Unfolding Stories of Redemption and Belonging

by Leaf Seligman

Pub Date: Sept. 5th, 2019
ISBN: 978-0-87233-296-6
Publisher: Bauhan Publishing

A collection of linked short stories about a cut-rate carnival show traveling through the American South during the early 20th century.

In 1910, patent medicine salesman Earl Beasley launches a “Traveling Amusements” show, and his first “human attractions” are people whom he’d been unable to cure with his concoctions. Earl’s sons, Stan, Tom, and Earl Jr., take over in 1912, and they continue the family business with ruthless hucksterism, amassing a collection of people whom they market under such names as “Flipper Boy,” “Hammer Toe,” and “Lizard Man.” Each has a unique, poignant story, rooted in social segregation and a desire for autonomy and connection. Julian Henry, the aforementioned “Lizard” person, is embittered by both his father’s revulsion and his mother’s adulation. Tiny Laveaux, billed as the “World’s Smallest Woman,” escapes the tawdry reality of her daily exposure to the gawking public via transcendent sex with the armless “Hammer Toe.” Beulah Divine, the “World’s Largest Woman,” who’s perpetually forced to remain heavy by the profit-hungry Beasleys, endures a barrage of mocking taunts by cherishing a private secret—her real name.
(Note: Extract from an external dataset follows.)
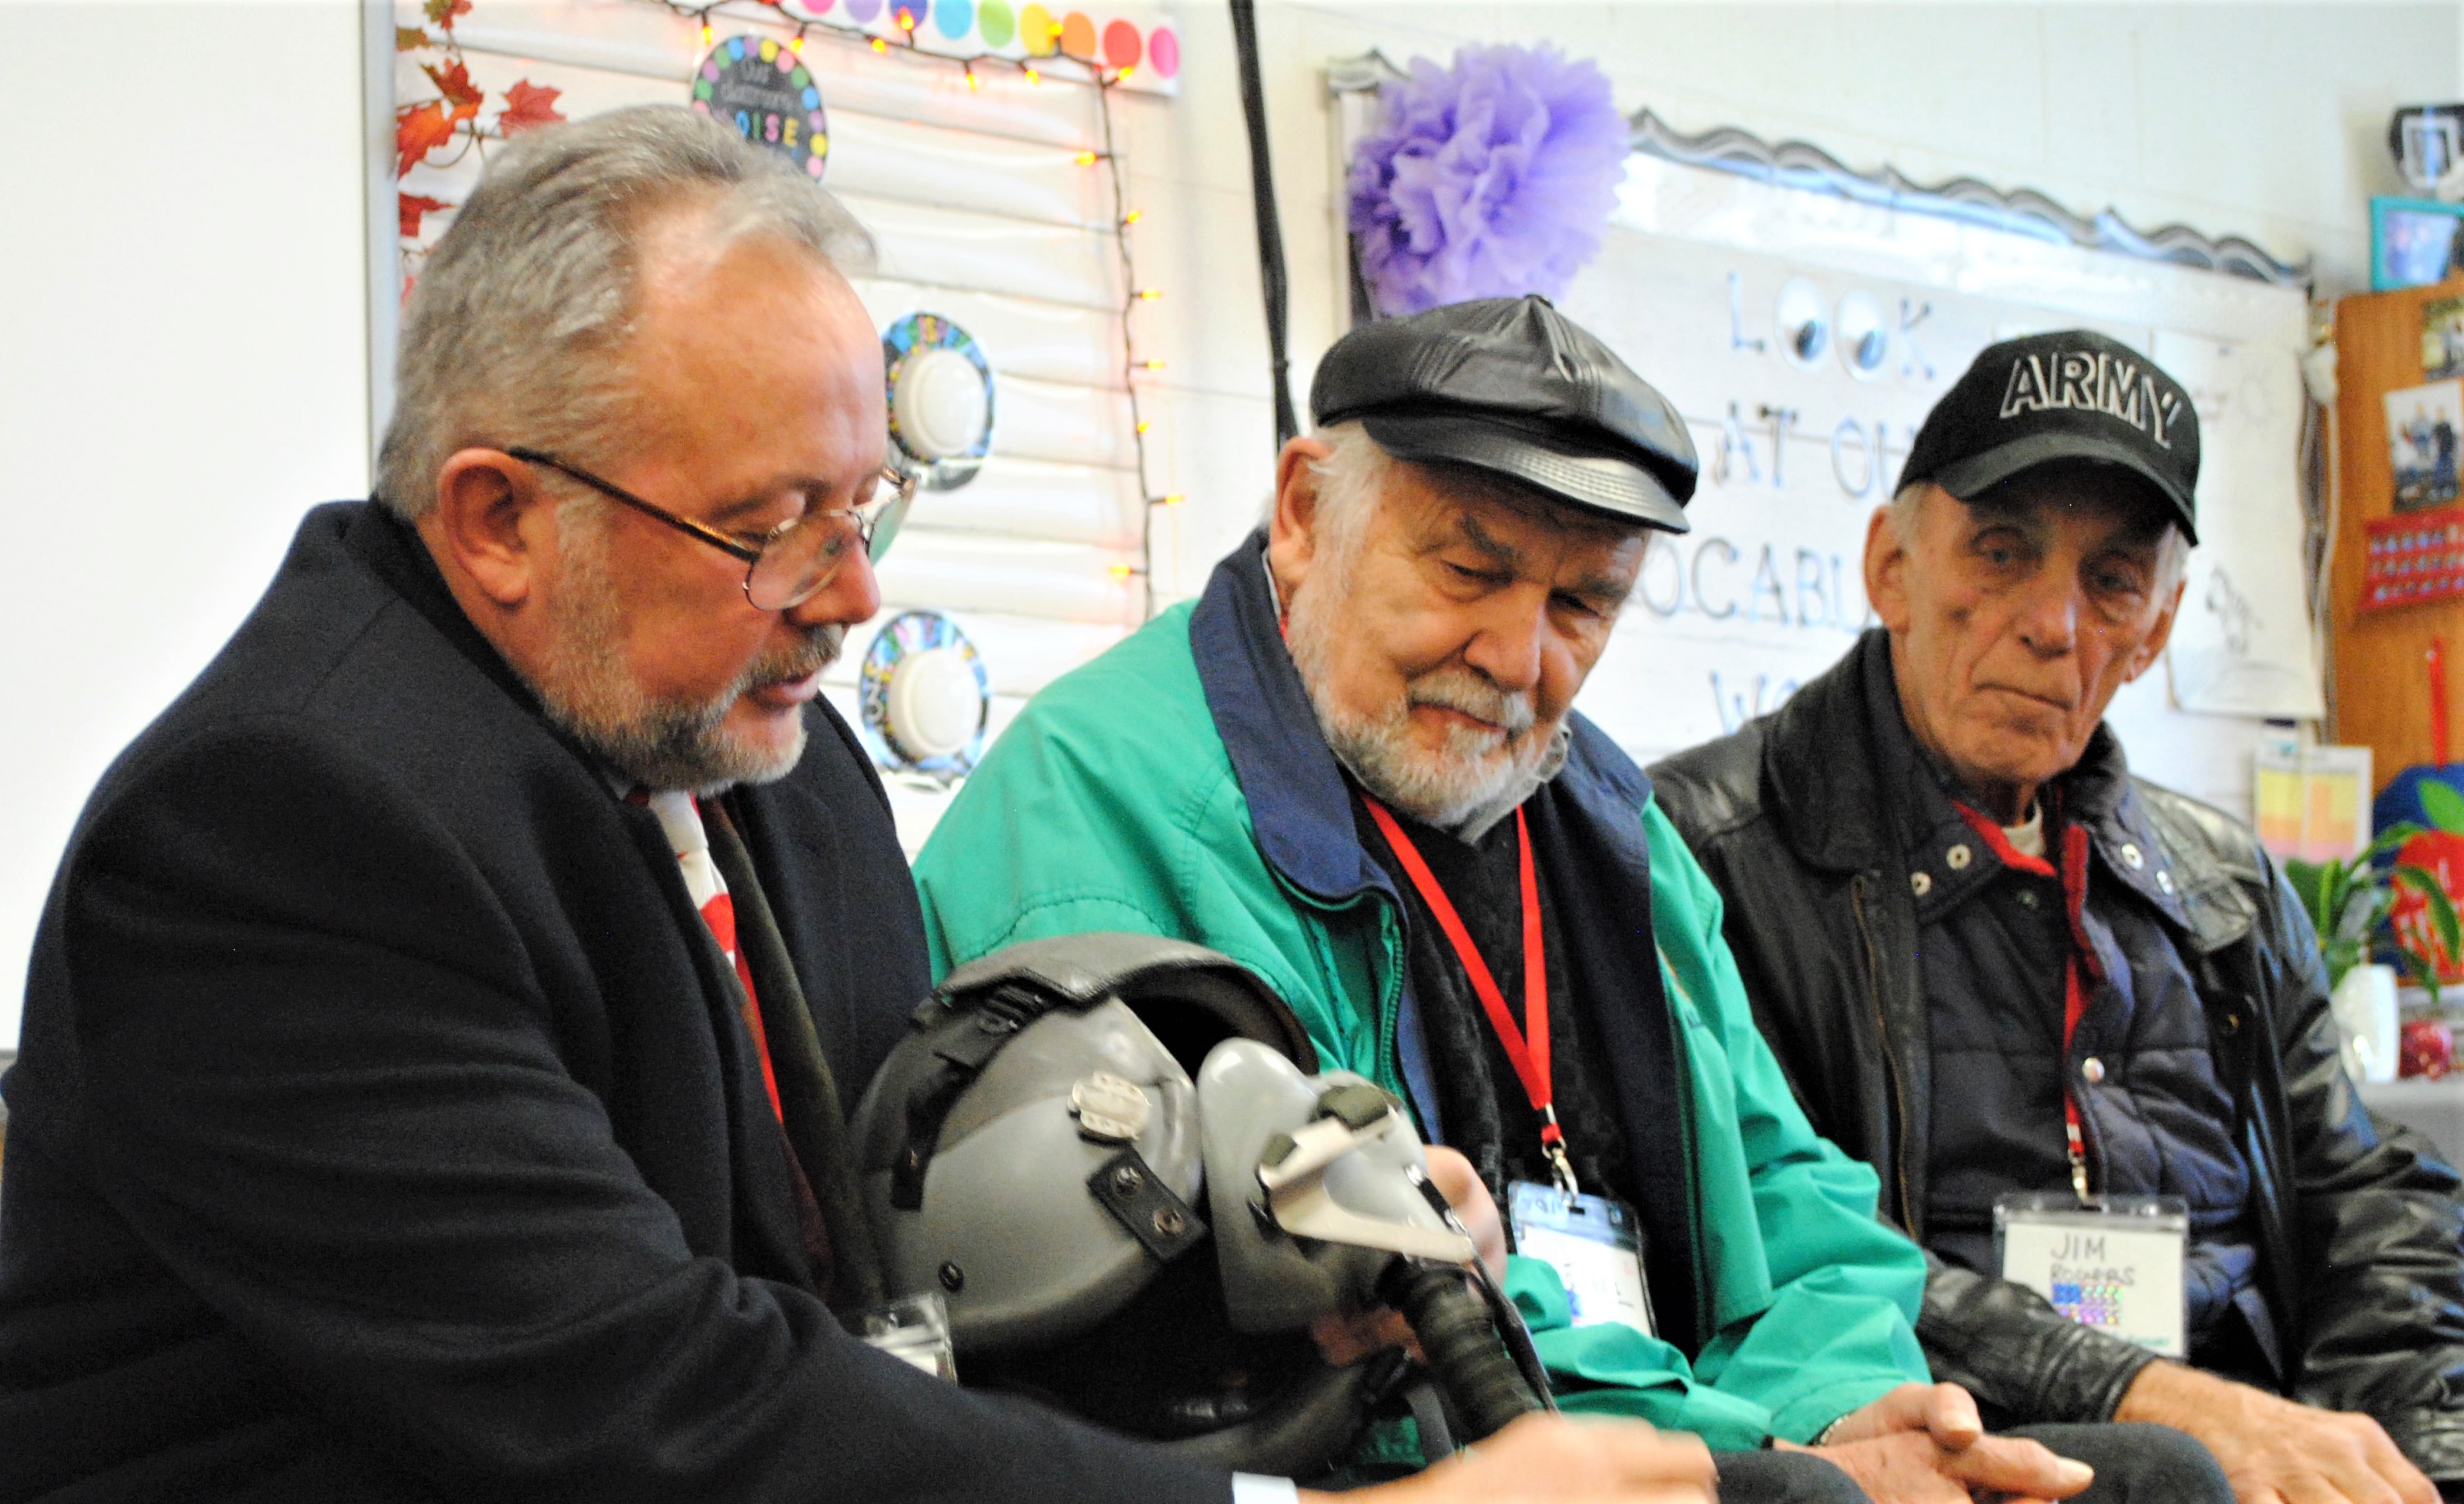 While some came with memories, others came with mementoes from their time in the service for students to see. Greg Gonyea had his air helmet and parachute pack in tow for a class of second-graders to put their hand on. With him is veterans Lloyd Schmaltz and Jim Rogers. Photo by Shelby Tankersley.
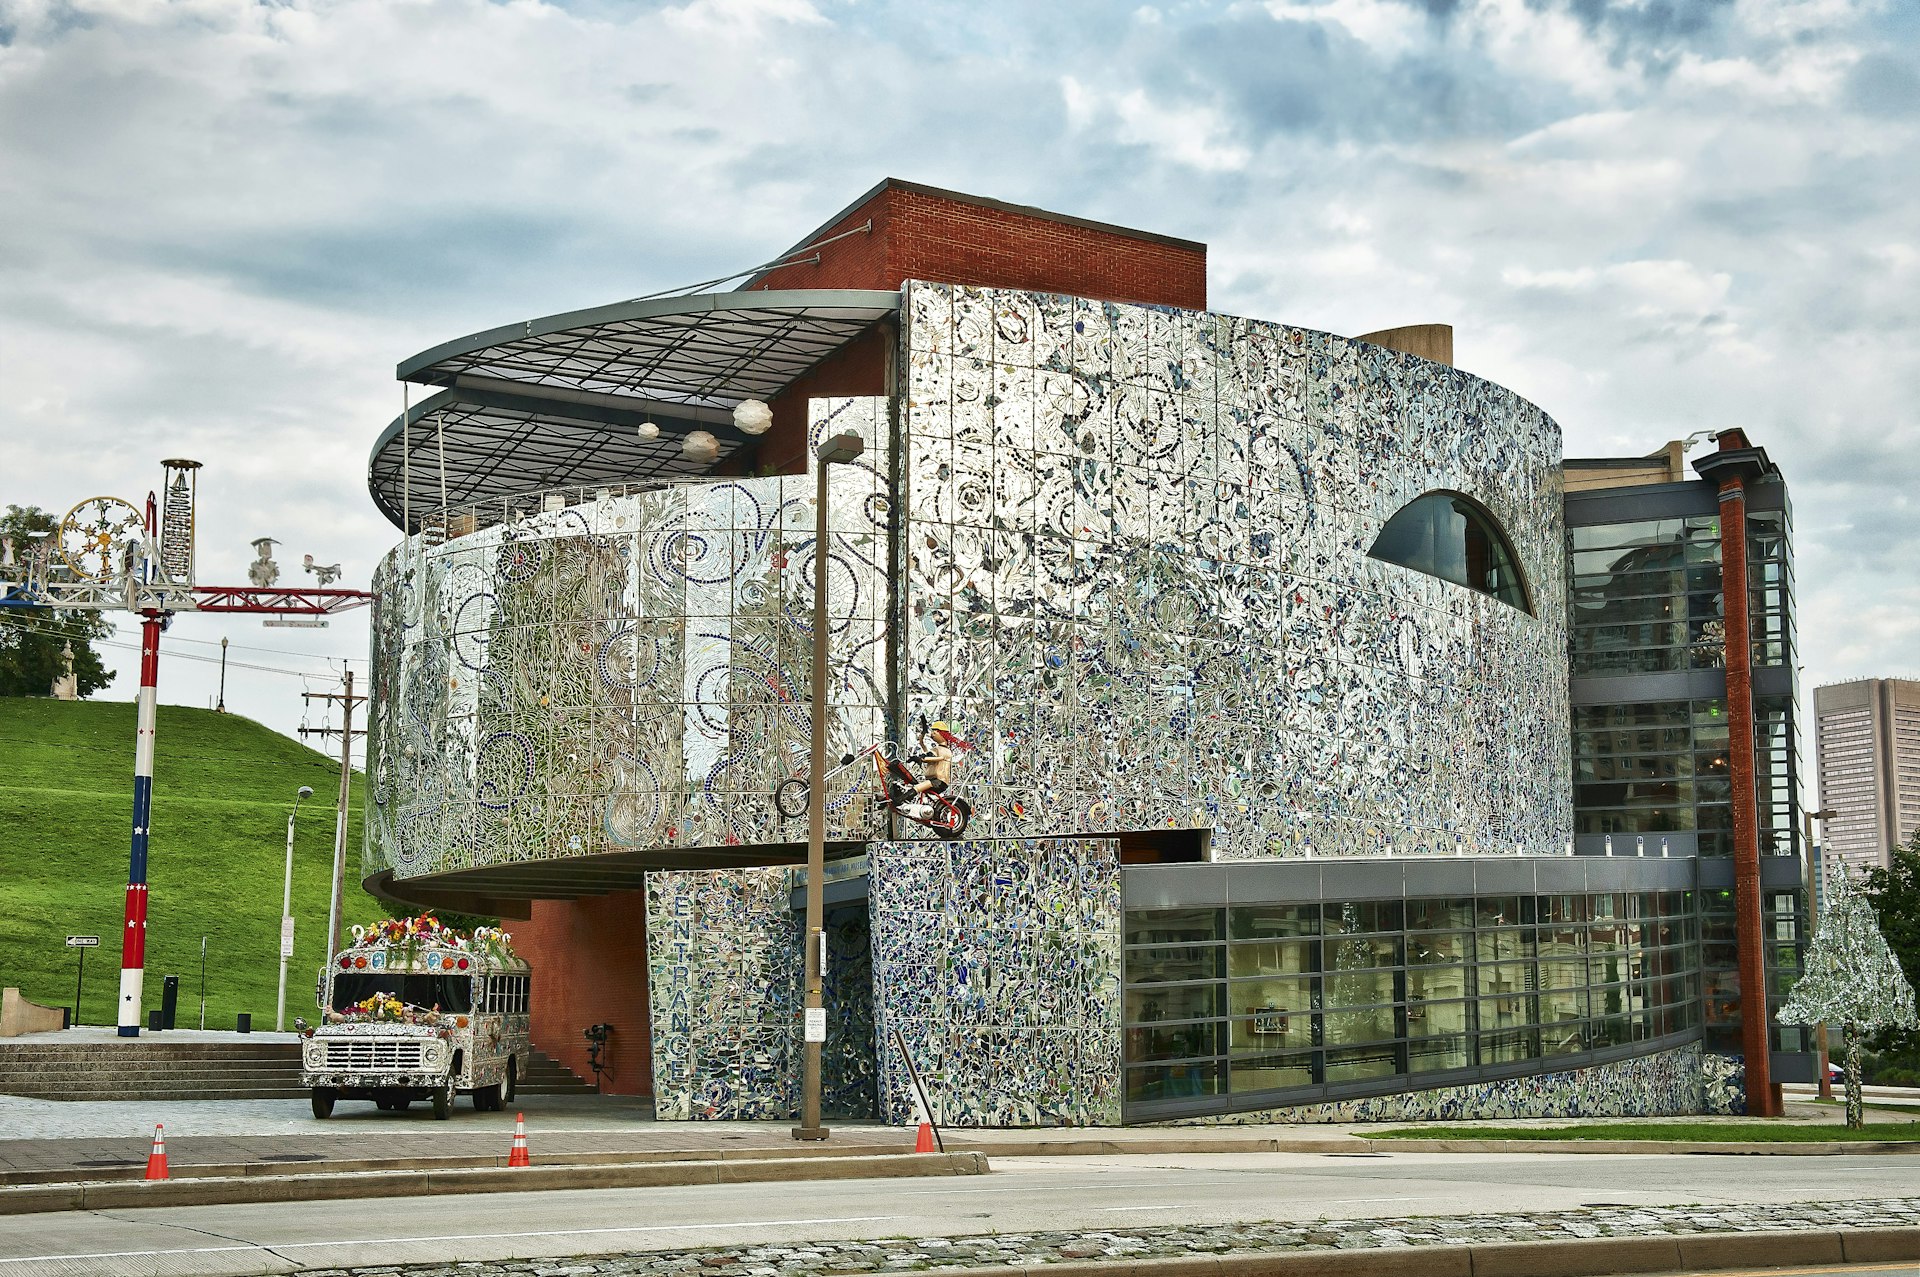 BALTIMORE, MARYLAND, UNITED STATES - 2011/08/18: American Visionary Art Museum, Inner Harbor. (Photo by John Greim/LightRocket via Getty Images)

Cheever, an African American roustabout, ran away from his difficult life as a sharecropper only to find that the carnival is just another type of bondage. Seligman’s (A Pocket Book of Prompts, 2015, etc.) episodic narrative hangs on themes of loneliness, suffering, and the ascendance of human kindness. Although the setting might give rise to fears of stereotyping or sensationalism, each character emerges as a complex person who’s part of an unconventional but still familiar community. Seligman’s prose is vivid and captivating, as when she describes Julian’s first encounter with Tiny: “her eyes darting every which way until they landed on him like great splats of rain.” Her portrayal of a society teetering between the past and the future is subtle, and although many of the characters’ stories are sad, there are recurring moments of gentleness.

A riveting fictional meditation on the persistent drive to find acceptance and connection.